Welcome to the new Energy Central — same great community, now with a smoother experience. To login, use your Energy Central email and reset your password.

Moving electricity is getting more expensive

It’s never been cheaper to produce electricity in the United States. And yet, much to the chagrin of us all, utility bills keep going up. That’s because while generating power is getting less expensive, the cost of transporting that power to consumers continues to climb. These two opposing movements were summed up in a recent article at CanaryMedia.com

“Two trends are clear. First, the cost of generating power has declined significantly — from 6.8 cents per kilowatt-hour in 2010 to 4.6 cents per kWh in 2020, using 2020 inflation-adjusted figures. That’s due largely to falling natural gas prices and the growing share of power coming from wind and solar. With renewables making up the vast majority of new generation capacity, the generation share of utility costs is likely to continue declining over the coming decade. 

At the same time, the costs of the infrastructure needed to deliver power rose from 2.6cents per kilowatt-hour in 2010 to 4.3 cents per kWh in 2020 — nearly equal to the cost of generating the power itself. Delivery costs have in fact been rising steadily since 1998, according to the EIA — an outgrowth of the need for new grid infrastructure to replace aging lines and equipment and accommodate new wind and solar power farms, as well as for new technologies such as smart meters to modernize the utility system. And according to multiple studies, the U.S. will need much bigger grid investments in future years to accommodate the massive growth in renewable energy that will be required to decarbonize the power sector.”

In most parts of the country, rising infrastructure costs have outpaced savings on the generation side. This inconvenient fact should inform policy relevant to future transmission development and related issues like solar net metering.
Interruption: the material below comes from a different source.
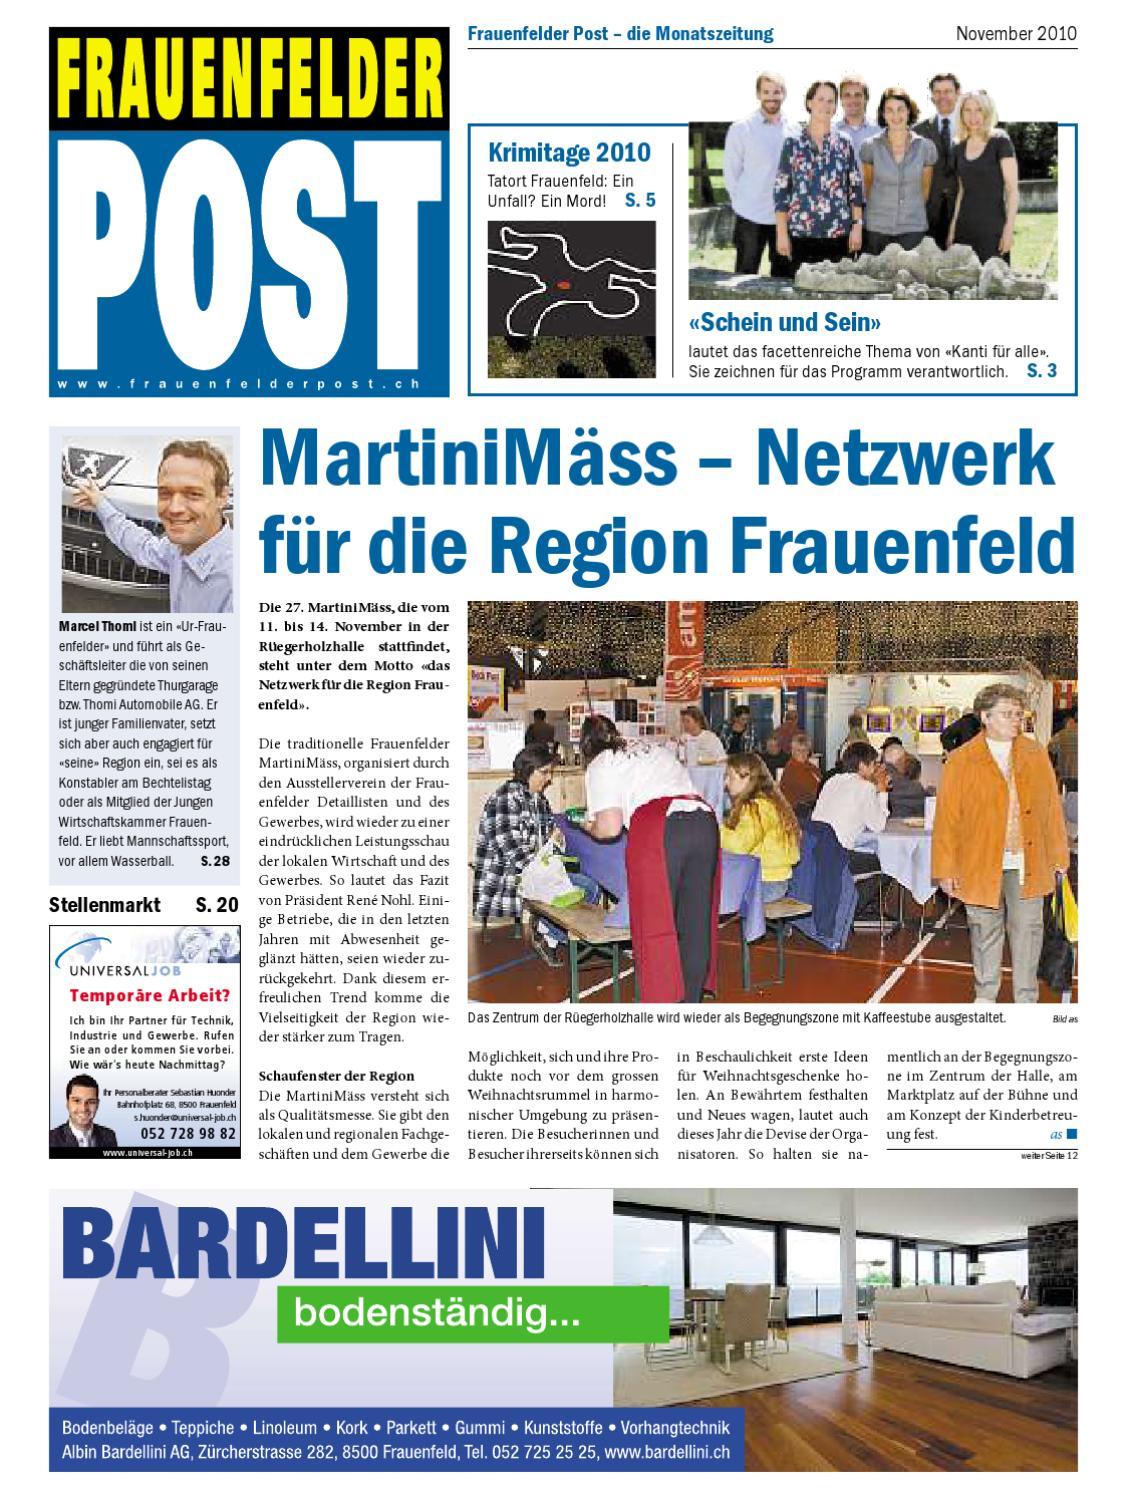 Frauenfelder Post - November 2010 By «Post»Medien - Issuu

Most pressing, it would seem, is the country’s overall stagnation on transmission development. As it was pointed out in an Atlantic article last year:  “Since 2009, China has built more than 18,000 miles of ultrahigh-voltage transmission lines. The U.S. has built zero.” 

However, there have been signs over the past two years that transmission might be in for an overhaul. The Biden team has given us pretty explicit reason to believe they’re interested in transmission development. During a recent presentation of the American Society of Civil Engineer’s C- infrastructure rating last year, Secretary of Transportation Pete Buttigieg stressed the need for more investment in the country’s transportation, water and electric systems. He said he thought there was about a $2.59 trillion spending gap. Interest in transmission has also picked up in the mainstream press. After decades of articles on renewables, far off storage systems, and Greta Thunberg style heroics, big outlets have finally started to explain the grid’s bottleneck to their audiences and emphasize the need for more lines. 

It’s also possible that other changes underway in our society will take some of the burden off our power lines. While the electrification of buildings and transportation threaten to overtax our grid, some commentators predict they’ll do just the opposite. Solar powered school buses with massive batteries pumping electricity back onto the grid when they’re out of use, for example. 

Stephen Baker, co-author of Hop Skip Go: How the Mobility Revolution is Transforming our Lives (Harper Collins, 2019), had a similar message when I talked to him a couple years ago about his book. Asked what common misunderstanding he thought people had about the future of mobility and energy markets, he responded: 

"The biggest one, I’d say, is that people tend to assume that new technologies will simply follow the patterns of the old. For example, today you drive around in a gasoline-powered machine, tomorrow it will be electric, and a decade from now autonomous. But you’ll keep following the same itineraries.

This isn’t the case. In the next stage of networked mobility, transportation should be far more efficient. Most of us have cars that are only in service 5% of the time. The rest of the time they’re parked. The idea for networked (and eventually autonomous) cars is to squeeze much more production out of them, most likely as a shared resource. This could dramatically reduce our consumption of energy. Then again, if transportation is cheap and efficient, we might use it much more capriciously, perhaps sending an autonomous car across town for tacos or croissants."

Let’s hope either that the Biden administration gets something done on transmission, or that the Stephen Bakers of the world are proven right. Because the status quo can’t hold for much longer.